But even if the private sector or the government can solve the market failure problems adequately, there’s no guarantee that the resulting distribution of health care services will be equitable. We don’t expect the private sector to, for example, make sure that everyone can live on the coast and have an ocean view if they so desire, we use market prices to ration those goods, but we may want to make sure that everyone can get health care when they have serious illnesses. So equity considerations may prompt the government to intervene and bring about a different distribution of health care services than would occur with an efficient market.
I believe that economists have something to offer in both cases. In the first, economic theory offers solutions to market failures, and though not every market failure can be completely overcome, the solutions can guide effective policy responses. I prefer market-based regulation to command and control solutions whenever possible, i.e. I prefer that government create the conditions for markets to function rather than direct intervention. But sometimes the only solution is to intervene directly and forcefully.
In the second case, the idea is a bit different. Here, equity is the issue so somehow society must first designate the outcome it is trying to produce before economists can help to achieve it. Right now, it is my perception that the majority of people want to expand to universal or near universal coverage if we can do so without breaking the bank, and without reducing the care they are used to. If we can find a way to do that, the majority will come on board. If that’s the case, if that’s what we have collectively decided we want, then the job of the economists is to find the best possible way of achieving that outcome (or whatever outcome is desired) given whatever constraints bind the process (whether political realities should be part of the set of constraints is a point of contention, so I’ll stay silent on that).

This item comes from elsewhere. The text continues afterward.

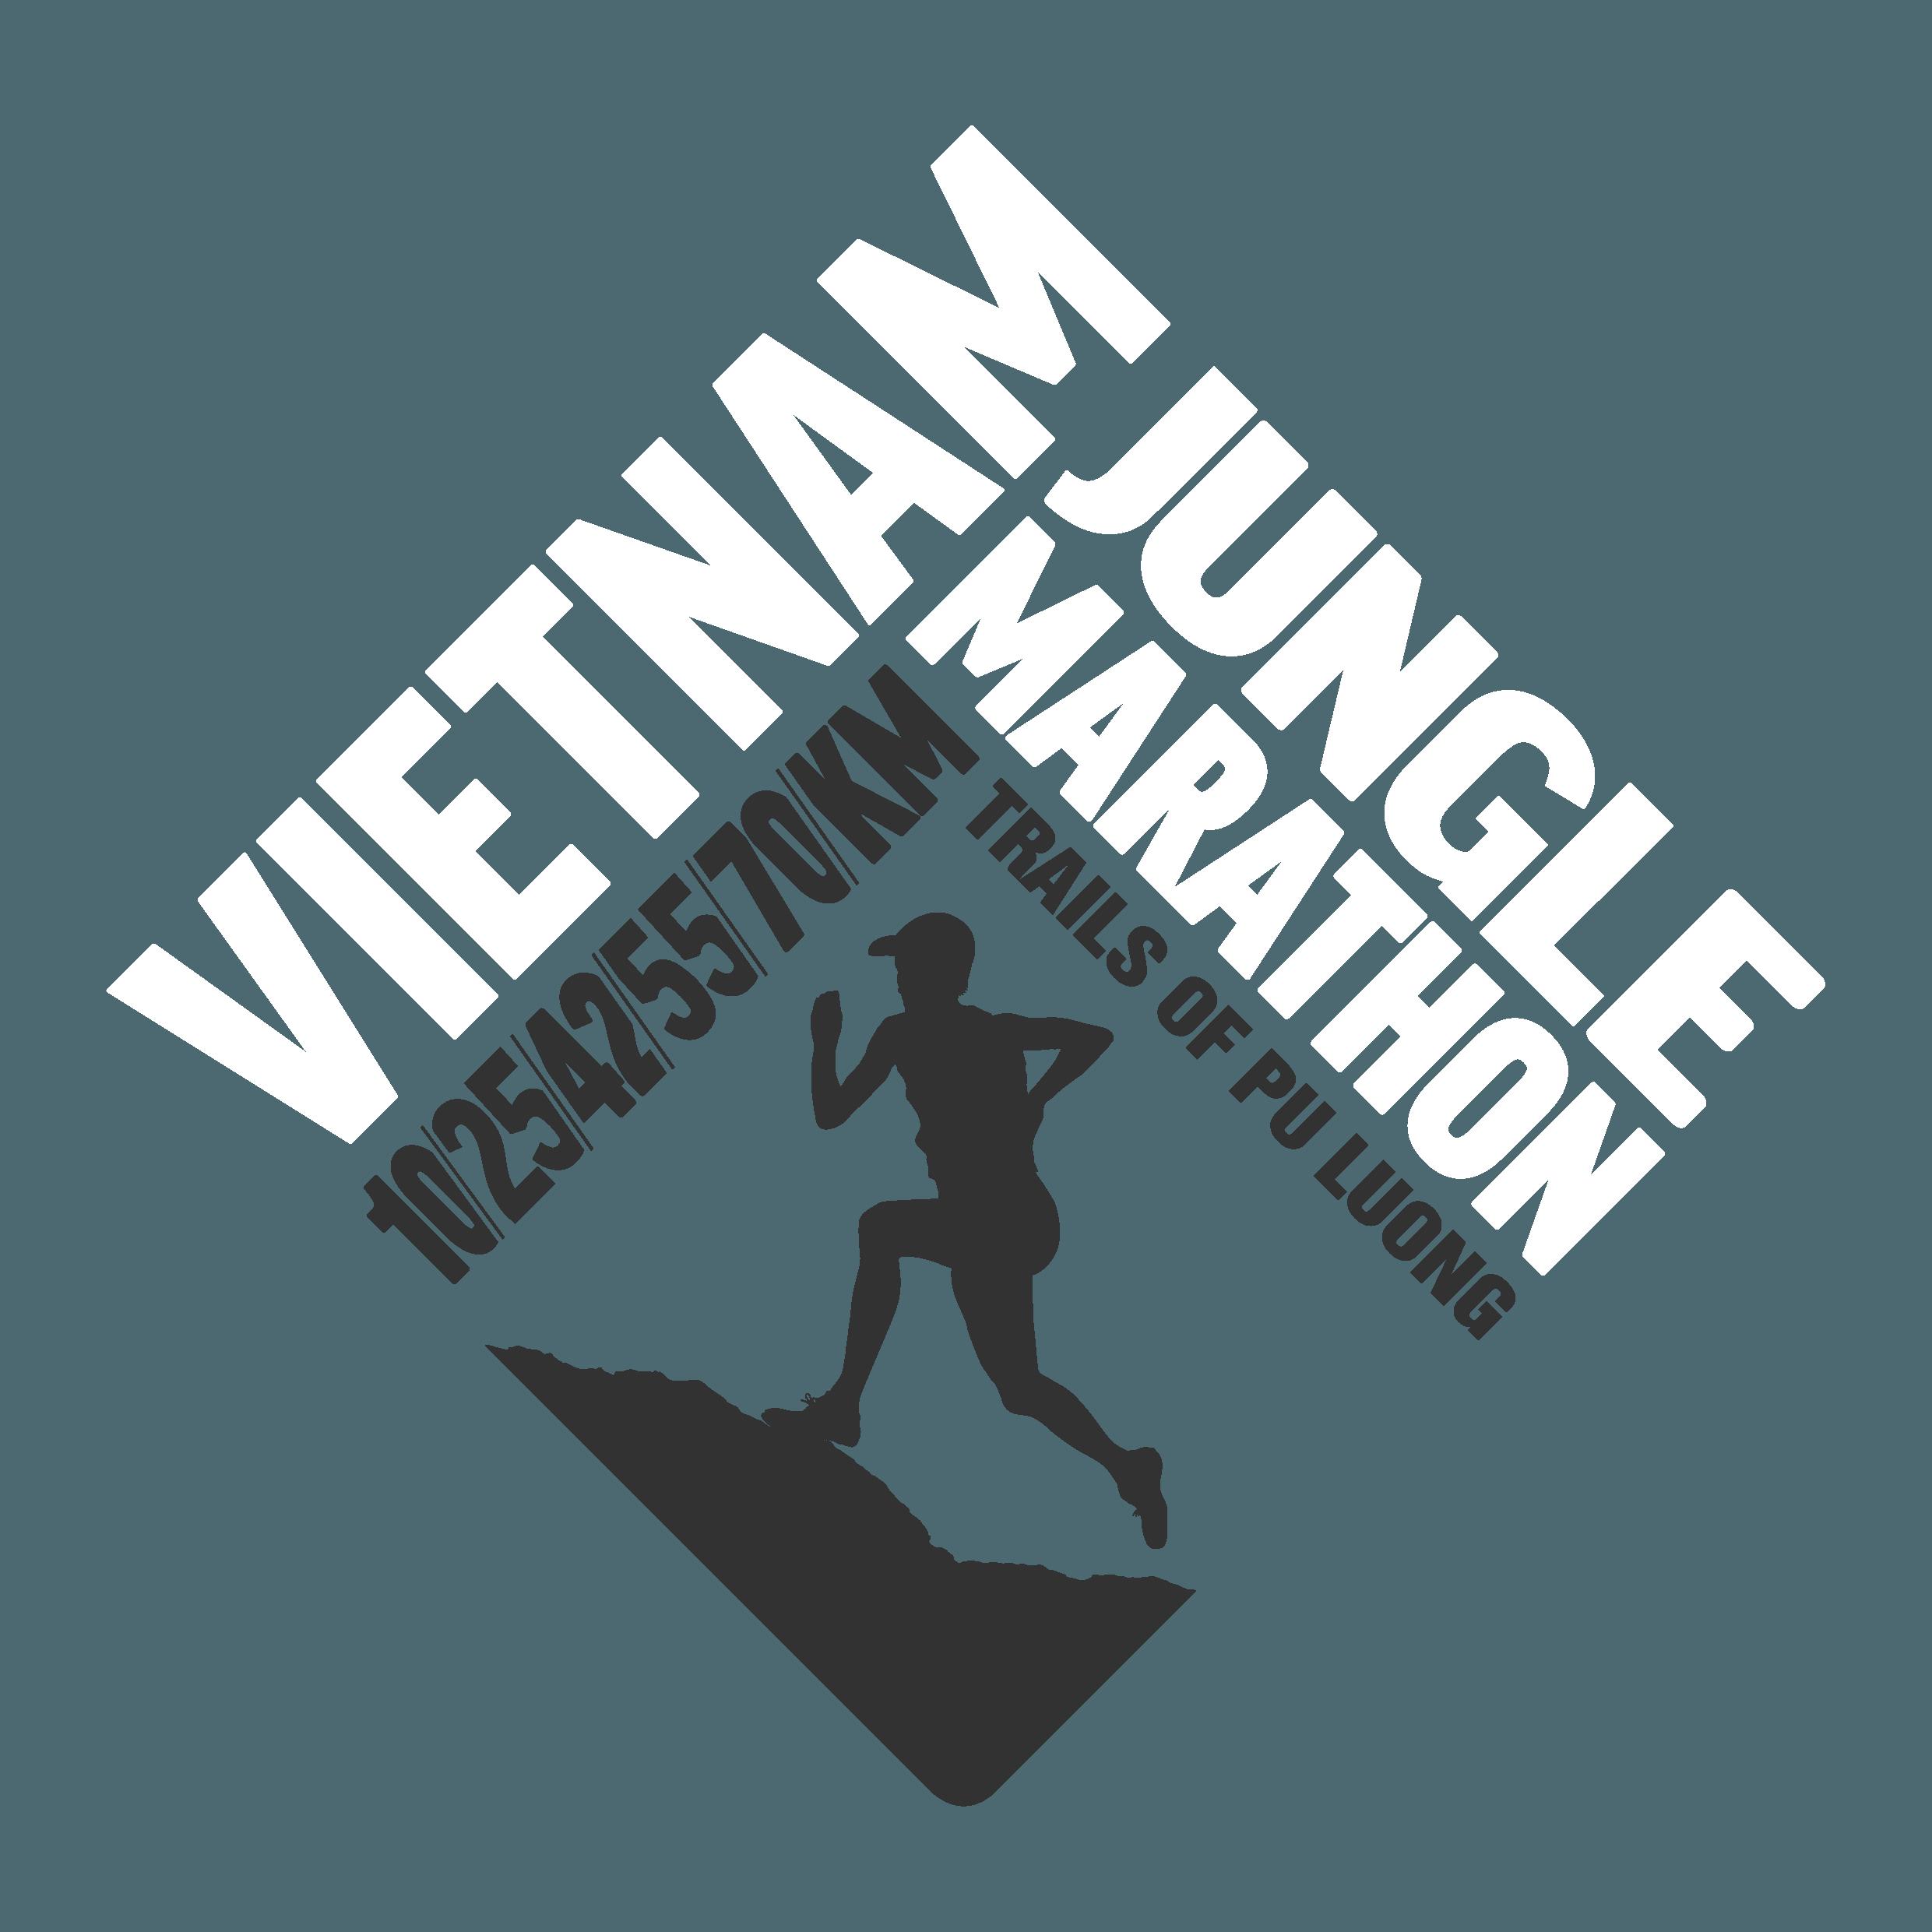 Logo VJM 2019 white (no year)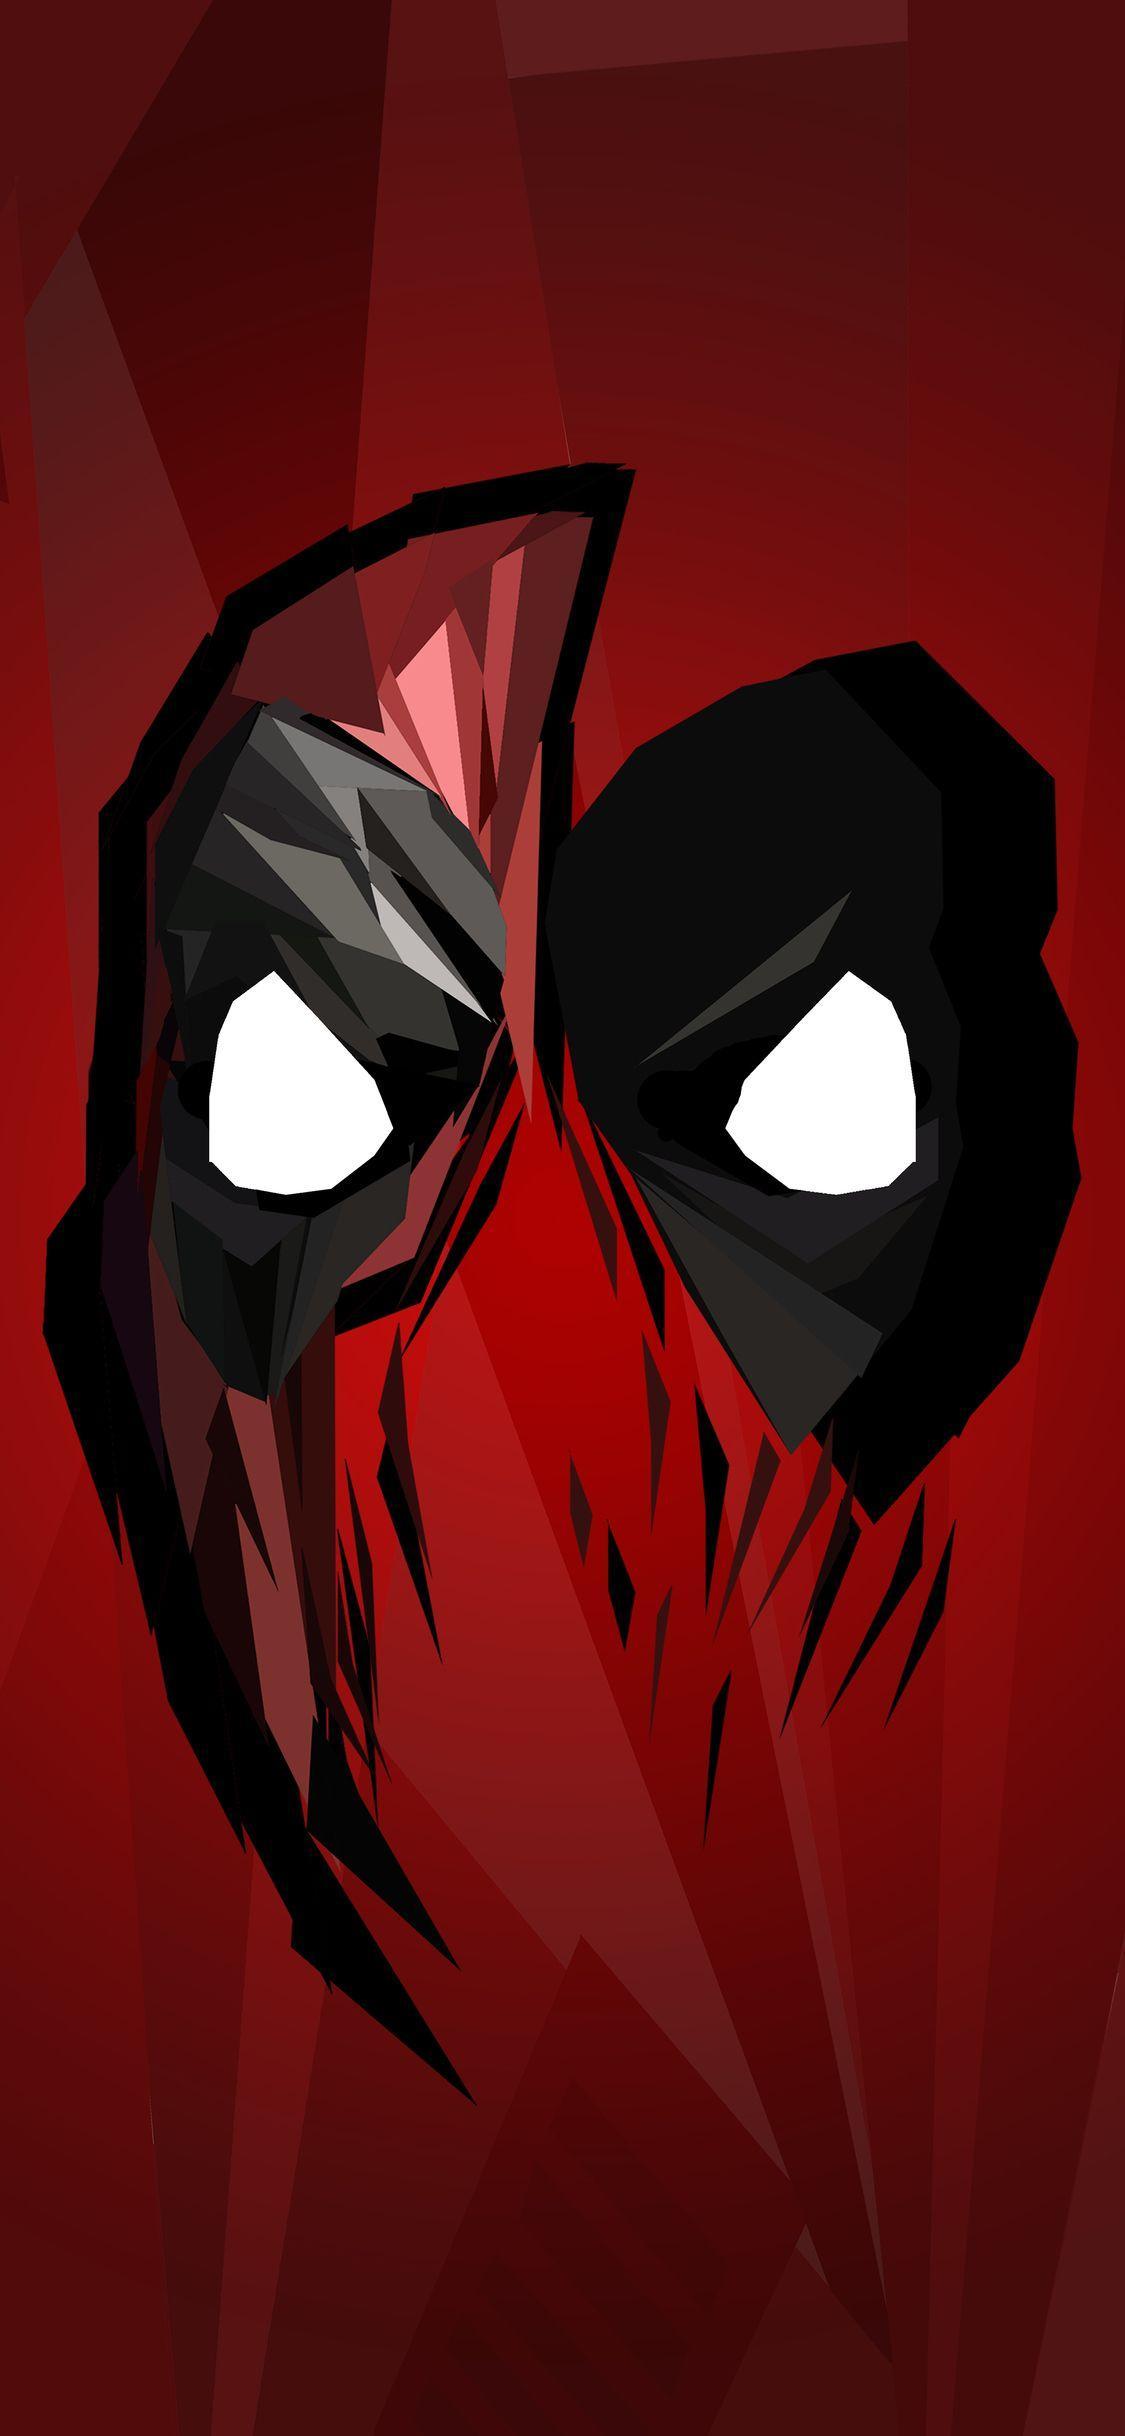 Cartoon Deadpool iPhone Wallpapers - Top Free Cartoon ...

So if we are only concerned about efficiency, we do our best to resolve the market failures and leave it at that. We make sure, for example, that people have the information they need to make informed decisions about their care, that there aren’t incentives that cause doctors to order too much or too little of some type of care or test, that monopoly power is checked, etc., etc. There’s no guarantee that everyone will receive care, or that the distribution of care among those who do receive care will be as desired.
But if we are concerned with equity too – and most of us aren’t comfortable watching people suffer when we know that help is readily available (perhaps nature imposes this externality upon us purposefully) – if we won’t let people die on the street or suffer needlessly due to our sense of fairness and equity – then we will want to intervene to achieve broad based coverage in the least cost and fairest manner we can find (and there may be other equity issue that are important too).
Both reasons, equity and efficiency, can justify government intervention into health care markets. I think equity is of paramount importance when it comes to health care, so for me that is enough to justify government intervention, and the existence of market failure simply adds to the case that government intervention is needed.
So those opposed to government involvement in health care markets have to first argue that there is no market failure significant enough to justify intervention, a tough argument in and of itself, and also argue that people who, for example, go without insurance or cannot afford the basic care they need deserve no compassion whatsoever from society more generally. That’s an argument I could never make even for those who could have paid for insurance but chose to take a chance they wouldn’t need care, let alone for those who cannot afford it under any circumstances. I want everyone to be covered as efficiently as possible, and to be required to pay their fair share of the bill, whatever that might be, for the care that’s made available to them.